Friday, September 3, 2021

FRIENDLY CONVERSATION

Yesterday at Starbucks, Beverly asked me about “hope.” Actually, she didn’t exactly “ask” — she said (and this is a broad paraphrase:) 

“Medical professionals are finding that people who have hope manage illness and trauma better than those who do not.” 

You might wonder if Beverly is a particularly philosophical, well-informed woman. (Yes.) 

You also might wonder if this is usual conversation for us to have in a Starbucks over a decaf Latte with extra foam. (Yes again) 

You might ask yourself, “how would I respond to that statement?” 

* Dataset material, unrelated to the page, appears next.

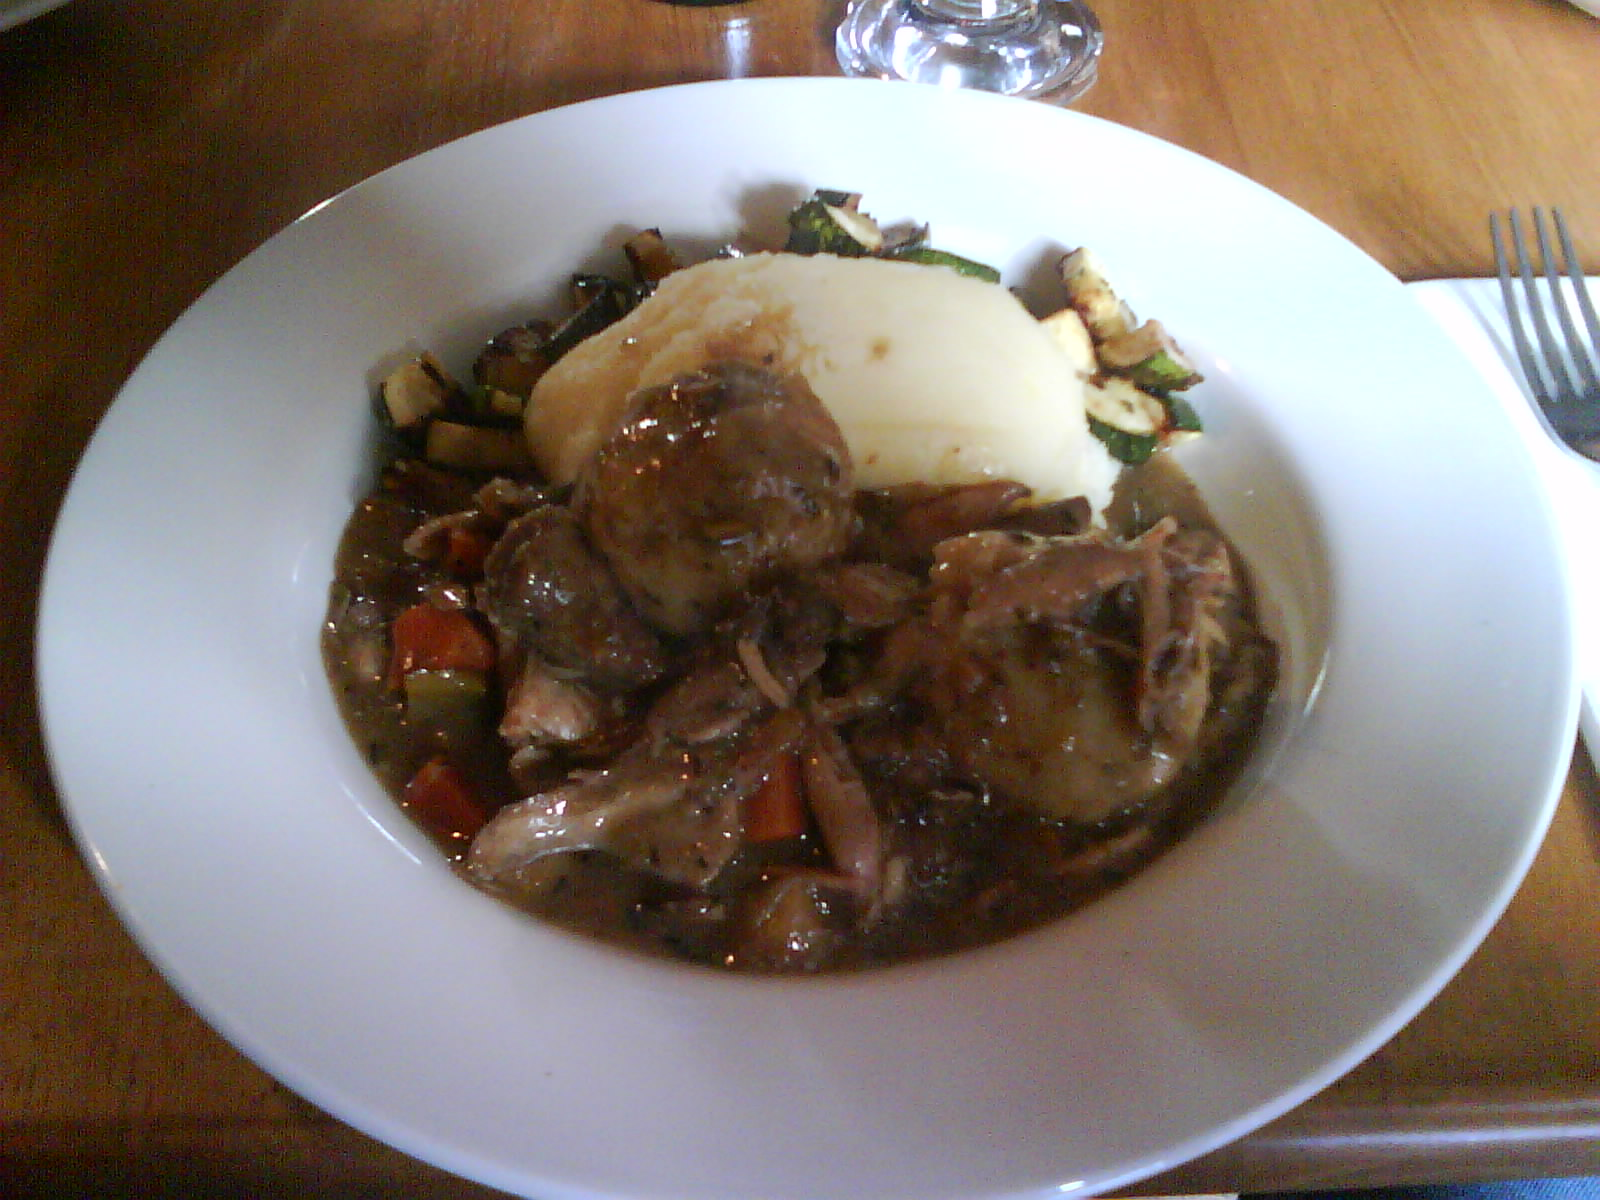 Rabbit and Venison stew

In this particular case, I mentally rushed off with some flight of word excrement. I do that a lot. I wish I could be smarter. Nearly always that means shutting up and thinking before spewing. 

I’m not the only one who suffers from this disease. I notice it a lot, especially among men who don’t seem to have a knack for casual (or philosophical) conversation. Instead, they are geared for presenting solo recitations. 

I don’t mean to be sexist. It simply appears to be how men are taught. Women are taught to apply make up.

I stopped by Beverly’s house this morning. Twenty-five years ago, she planted a forest pansy redbud tree in a small garden space beside the entry to her house. It outgrew the space and was cut down last year. 

Beverly is an excellent gardener but after twenty-five years, plants sometimes need to be thinned or even removed. This isn’t wasteful. Nor is it evidence of having made an error in space planning. It just is what it is — part of the gardener’s — and plants’ — life cycle. 

People’s too? Although I don’t know about the “thinning or removing” part. I would like to lose 10% of my body weight. I read that thinner old people are generally healthier. The “happy fat person” is a myth. 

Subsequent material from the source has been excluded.